The ensemble included a guitar with an amplifier, a trumpet, a trombone, and an old German accordion brought in Da Nang’s black-market alleyways. The Spaniard rifleman Azulia played the bellowed instrument quite well. The percussion and bass base came from bongos, and a home-fashioned conga made with water buffalo hide. Papio Pinay threw in a pair of cracked maracas, and everyone did the voices. Some arrangements included a small marimba sculpted out of Vietnamese forest woods by Top Sergeant Chuco Tabal. This gave the band a sensuous Mexicali mood. The group usually played attired in clean, starched jungle fatigues except for the Tan Son Nhut gig where Cardenas authorized casual dress. Later on, he even allowed the musicians to grow longer hair to help attract young Vietnamese crowds during the village tours.
Duquel remembered how someone dug up a cowbell from a dead soldier’s duffle bag at the Da Nang main morgue, and the group’s rhythmic sound expanded. In the adept hands of Ferdinan Castell, it provided tropical a special vitality to the repertoire. The Cuban émigré already had two tours in Vietnam under his belt as an infantry scout. He volunteered for both, hoping for fast-track naturalization if he survived the next six months. Cardenas had recruited him from the 196th Infantry at Chu Lai. The practicing santero was Tango Troop’s secret spirit talker. He hailed from the first wave of Miami’s fast-growing Cuban émigré community fleeing the island’s civil war ion 1959.

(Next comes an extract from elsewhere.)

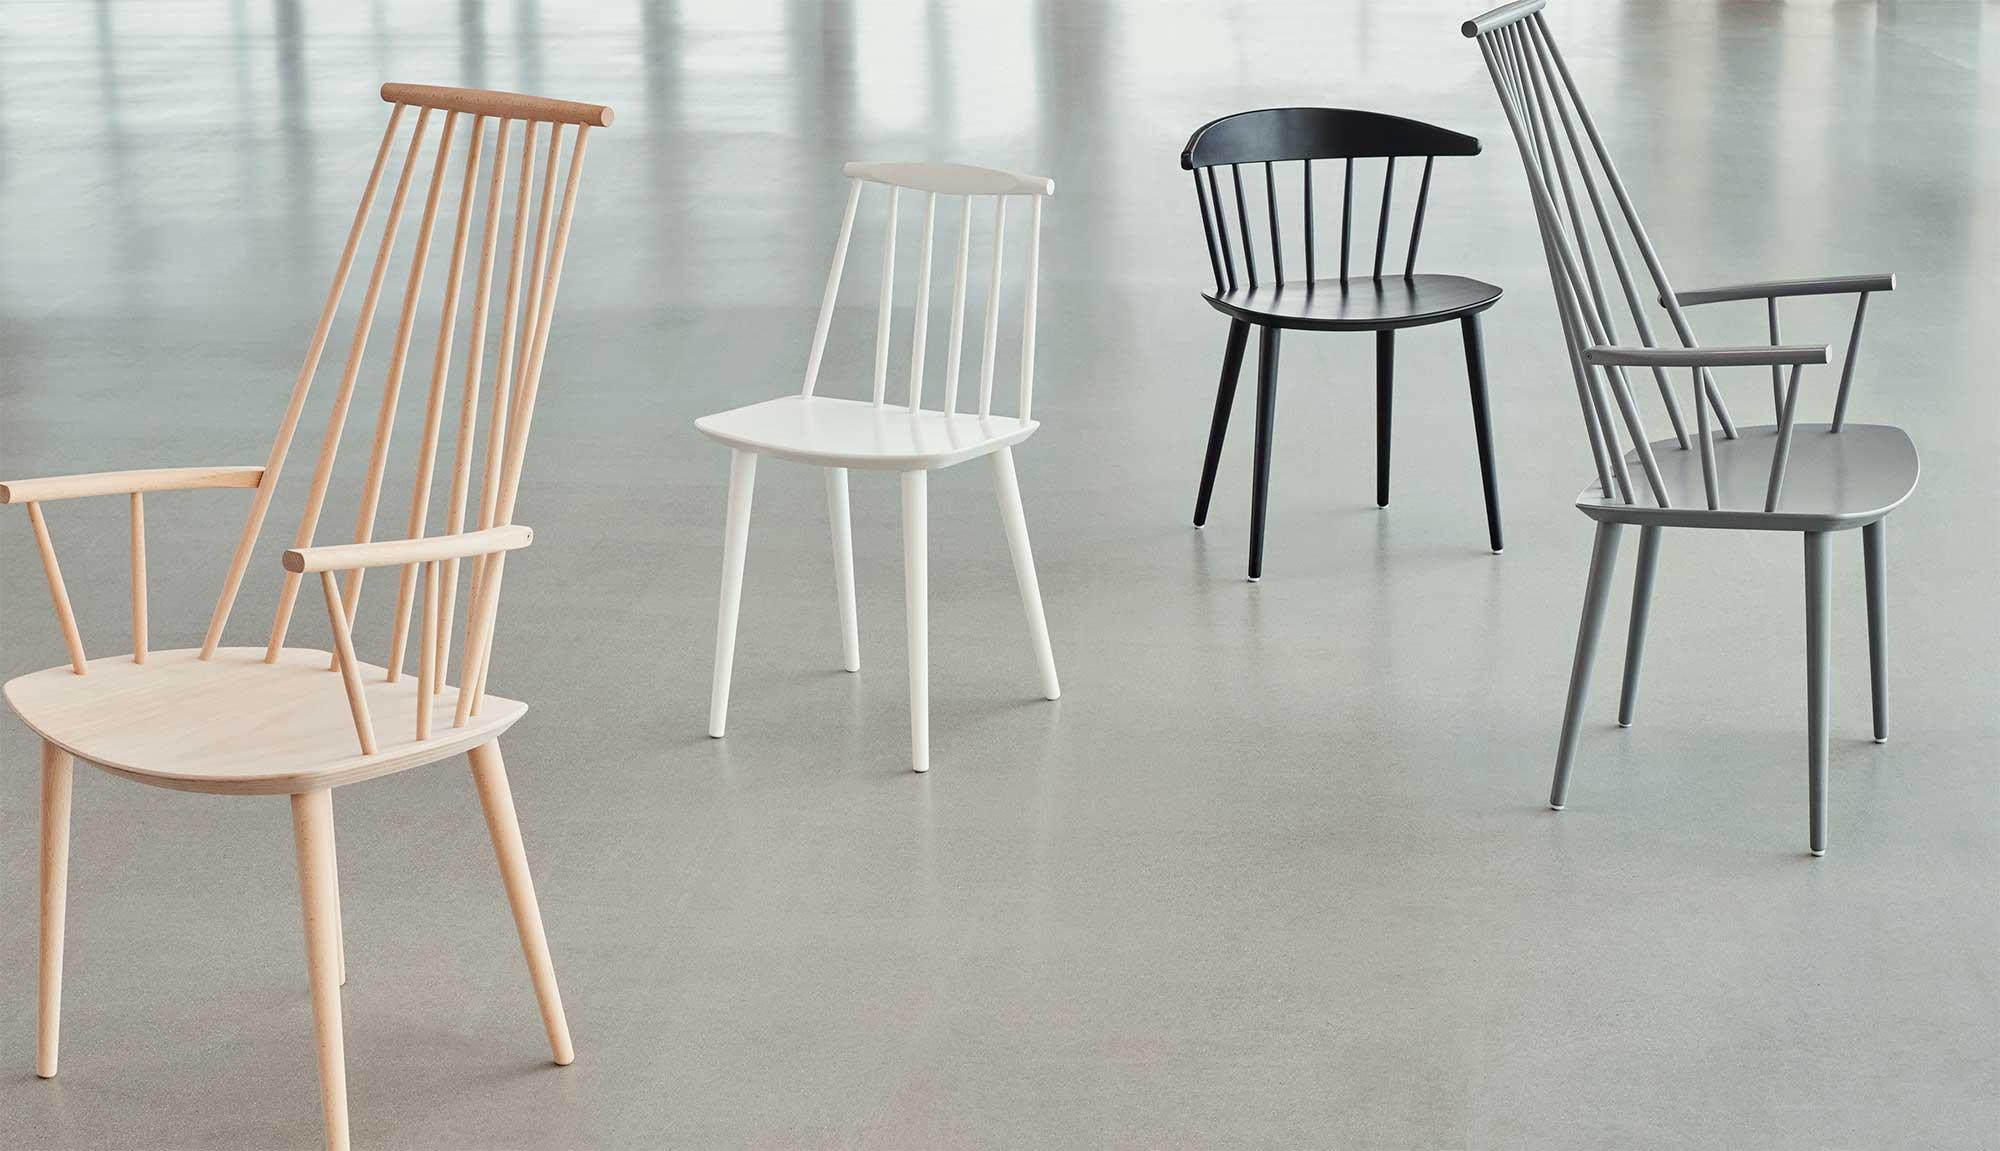 Chaise scandinave : 17 modèles en bois pour salle à manger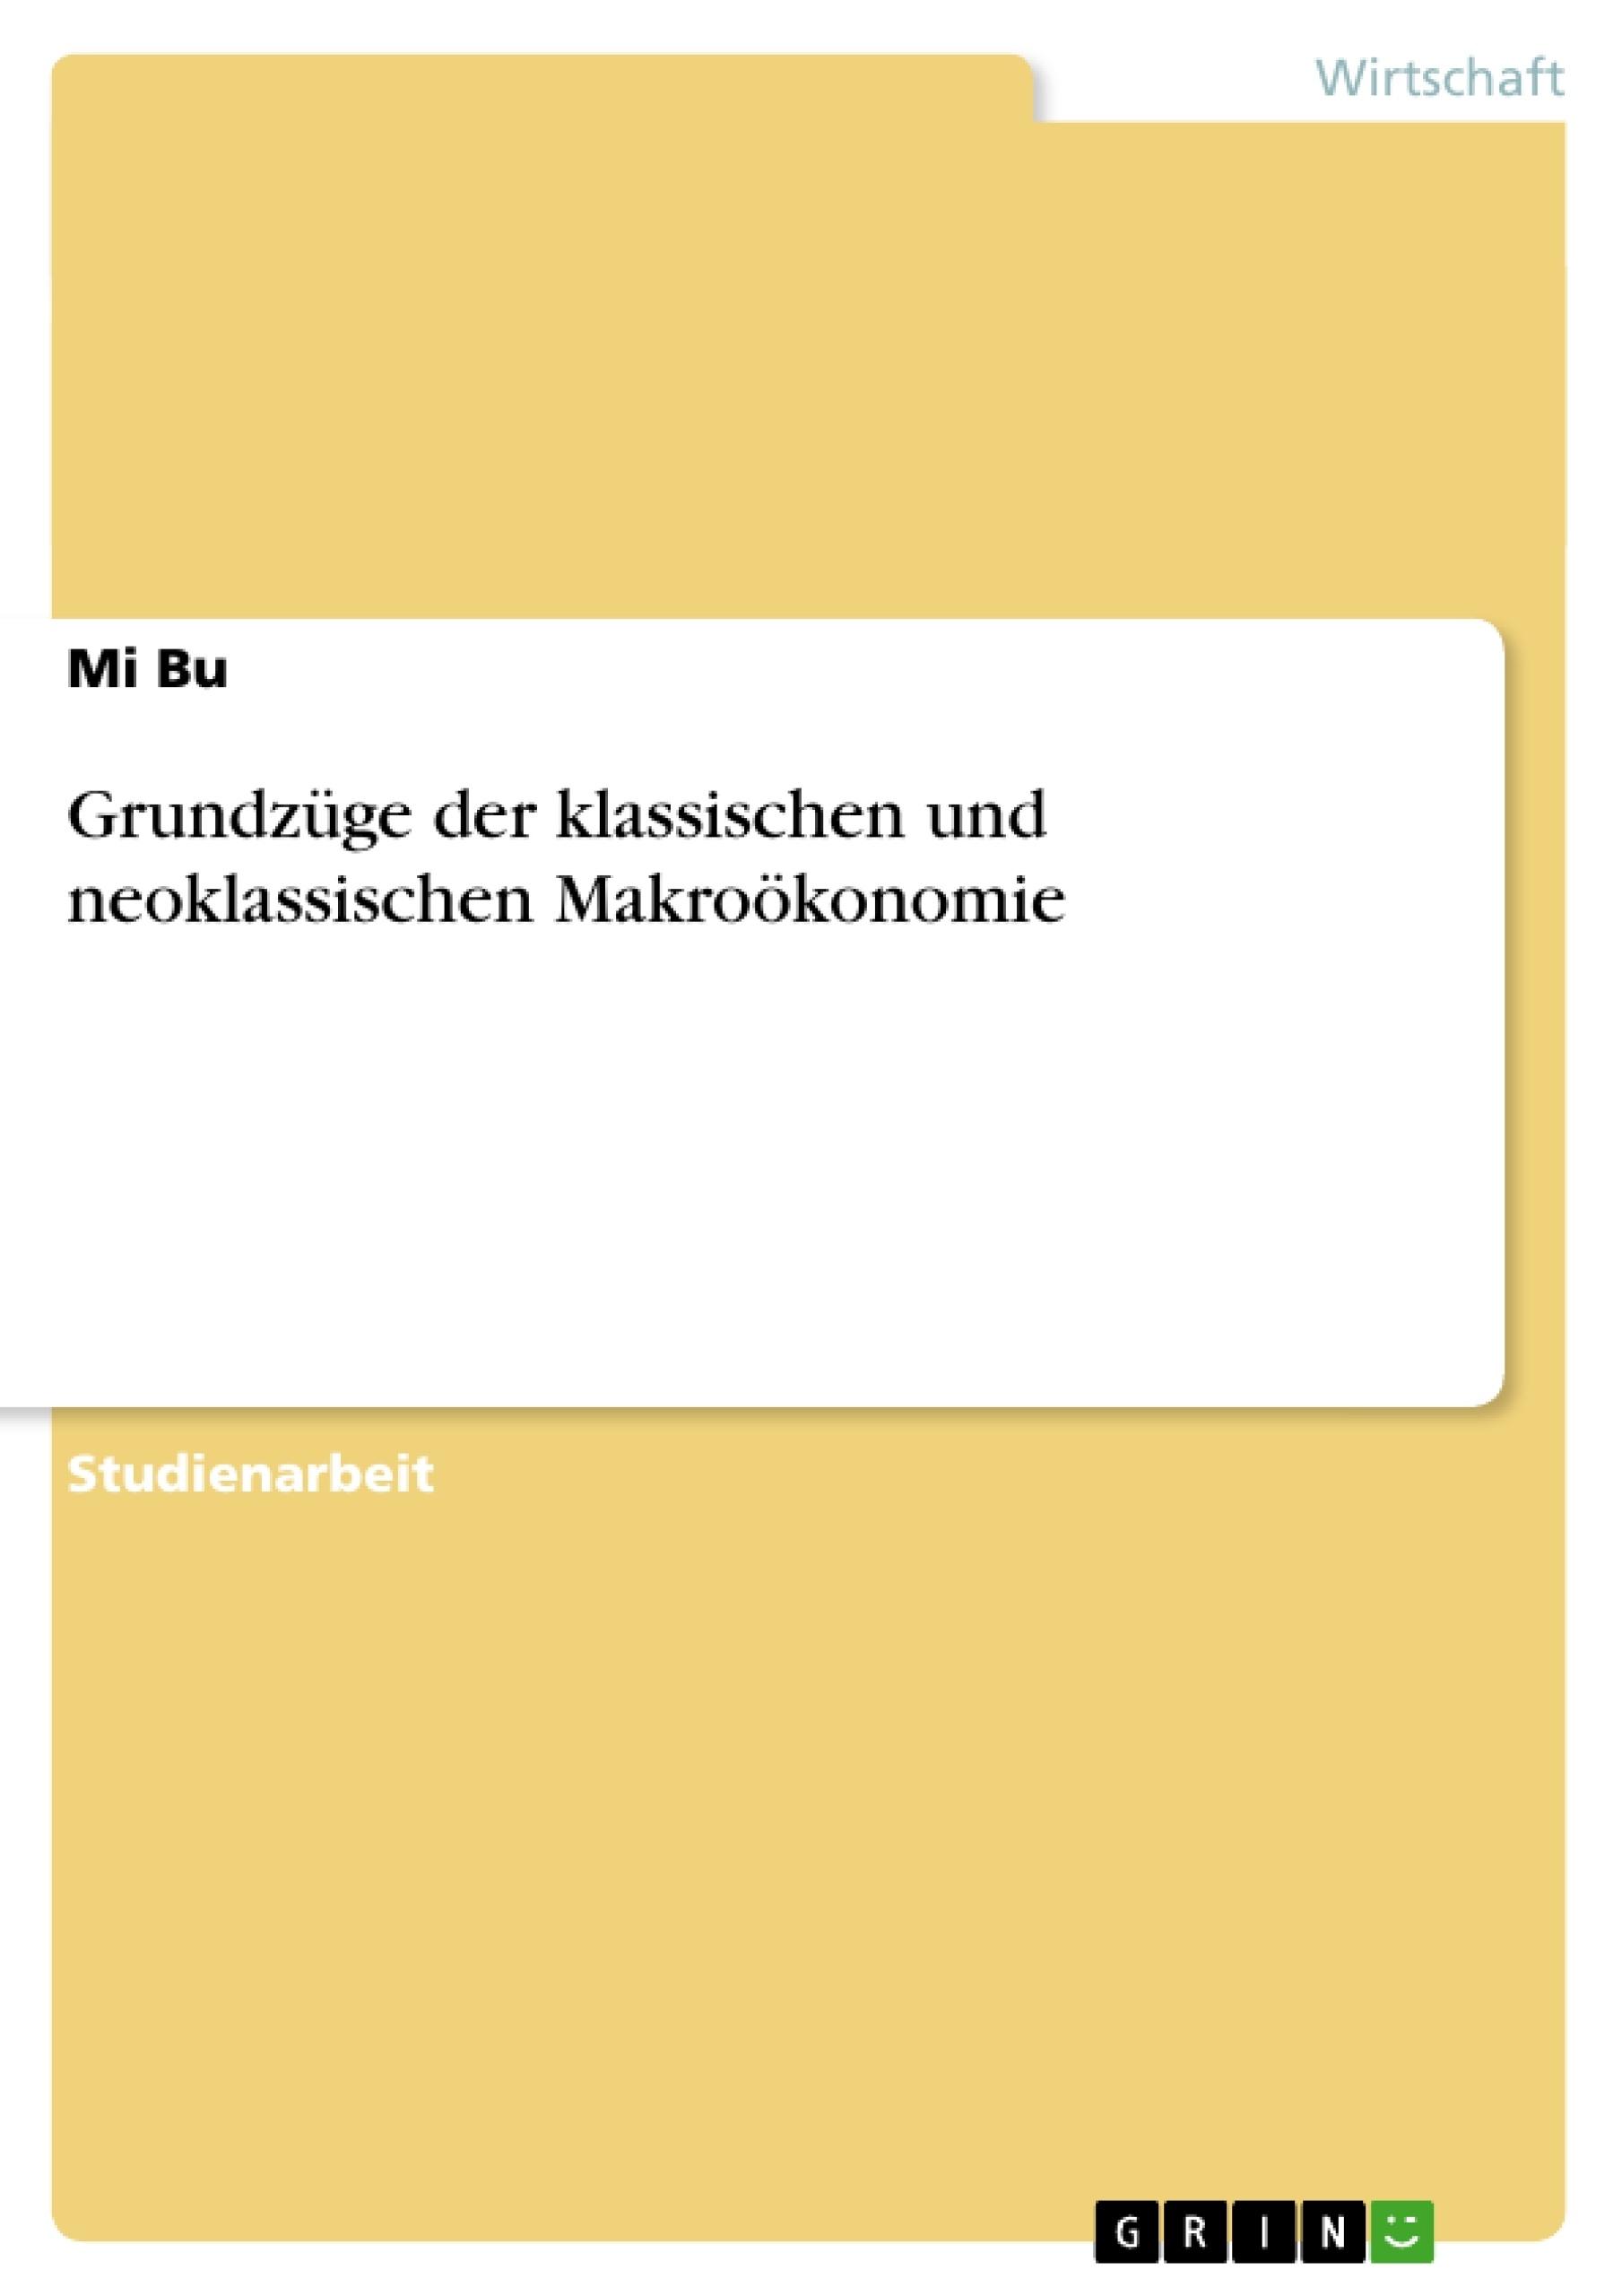 Titel: Grundzüge der klassischen und neoklassischen Makroökonomie

Latin Son’s repertory contained dance tunes from the late 50s to 60s. Mambo Numer 5, Cherry Pink, Ipanema Girl, Sonsonete, and a hefty set of Latin Rock. At bases such as Phu Bai, Hue, Marble Mountain, and Hoi An, the band served up mambo, bolero, cha-cha-cha, and some of the new charanga styles of the inner-city Latino enclaves in Manhattan. Some Latin jazz from Chicago, or Hoboken. Ballads and swings from Puerto Rico, Cuba, and Colombia. Also, some mariachi euphoria to make Captain Cardenas happy.
Duquel remembered how seasoned foot soldiers and artillerymen at firebases north, west, and south of Da Nang, fell for the swing. The new arrivals at troop replacement depots also joined in. The war-weary grunts stomped, clapped, and danced on the sands of China Beach and other venues, many not recognizing the lyrics but crazy about the beat. From atop the rustic bandstands, Ulises stared at the upbeat faces of the new arrivals as they probably imagined their Vietnam tour to be a year-long musical wallop. The old grunts knew better but appreciated the tuneful respite from the gruel and dread of long-range patrols, death, or injury in the field.
Yet, romp is a rare bird in a war theater. Soon, Latin Son won a death warrant. During a Solstice Day tour at another secretive Tan Son Nhut airport compound in late June of that year, a gung-ho naval commander from Saigon’s Pentagon East took issue with Cardena’s musical fancy. He questioned why Army infantry soldiers in dungarees, hippie garb and no military haircuts were tooting horns and beating drums instead of hunting Viet Cong guerrillas. The officer had recently deployed to Nam after a tense Missile Crisis tour at the Guantanamo Base in Cuba. He was thus not too keen on Latino rollicking ways. It reeked too much of Revolutionary Cuba to the commander’s ears.
On his orders, Latino Son disbanded. At least, for a few weeks. Soon Cardenas, out of pure cojones, repurposed Latin Son as a tactical device to pick out Viet Cong sympathizers in the rebel areas of Central Vietnam. To Duquel’s distress, the groovy band surreptitiously morphed into a shadowy military intel mission. A perilous ploy for all involved.